In this thesis we develop techniques to efficiently solve numerical Partial Differential Equations (PDEs) using Graphical Processing Units (GPUs). Focus is put on both performance and re--usability of the methods developed, to this end a library, cuSten, for applying finite--difference stencils to numerical grids is presented herein. On top of this various batched tridiagonal and pentadiagonal matrix solvers are discussed. These have been benchmarked against the current state of the art and shown to improve performance in the solution of numerical PDEs. A variety of other benchmarks and use cases for the GPU methodologies are presented using the Cahn--Hilliard equation as a core example, but it is emphasised the methods are completely general. Finally through the application of the GPU methodologies to the Cahn--Hilliard equation new results are presented on the growth rates of the coarsened domains. In particular a statistical model is built up using batches of simulations run on GPUs from which the growth rates are extracted, it is shown that in a finite domain that the traditionally presented results of 1/3 scaling is in fact a distribution around this value. This result is discussed in conjunction with modelling via a stochastic PDE and sheds new light on the behaviour of the Cahn--Hilliard equation in finite domains.

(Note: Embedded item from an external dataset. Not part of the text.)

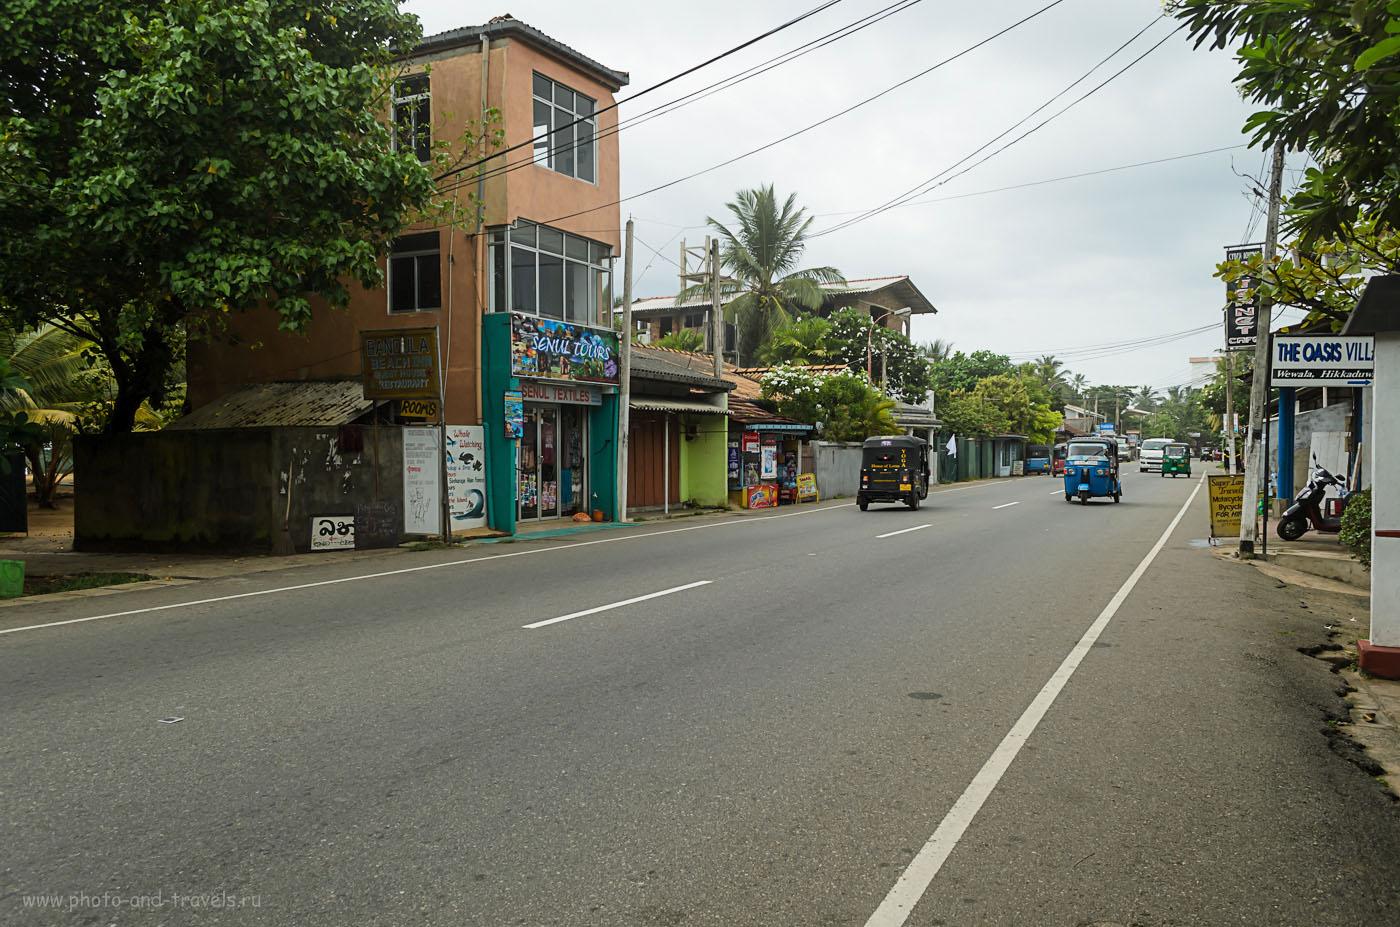 Фото 1. Шри-Ланка. Отдых в мае. На улочках курорта Хиккадува (Hikkaduwa).

翻译：在此论文中,我们开发了使用图形处理器(GPUs)有效解决数字部分等分法(PDEs)的技术。焦点放在所开发方法的性能和可重新使用性上,为此,这里展示了对数字网格应用有限差异线的库库( custen) 。除了这些分批的三对角和五对角矩阵解答器之外,还讨论了这些技术。这些技术是参照目前工艺状态的基准,并显示可以改进数字PDE的解决方案的性能。使用卡赫- 希利亚方程式作为核心示例,展示了各种其他通用方法的性能和使用案例。最后,通过对卡赫- 希利亚方程式应用 GPU 方法,展示了粗略域的增长率方面的新结果。 特别是利用在GPUS中提取增长率的几批模拟来建立统计模型。 在有限的域中,展示了以卡赫- 赫- 平方程式的正方程式中传统结果,通过1/3 平方程式的平方程式的平面分布在新的平方块中,这是以新的平方形的平方块的平方。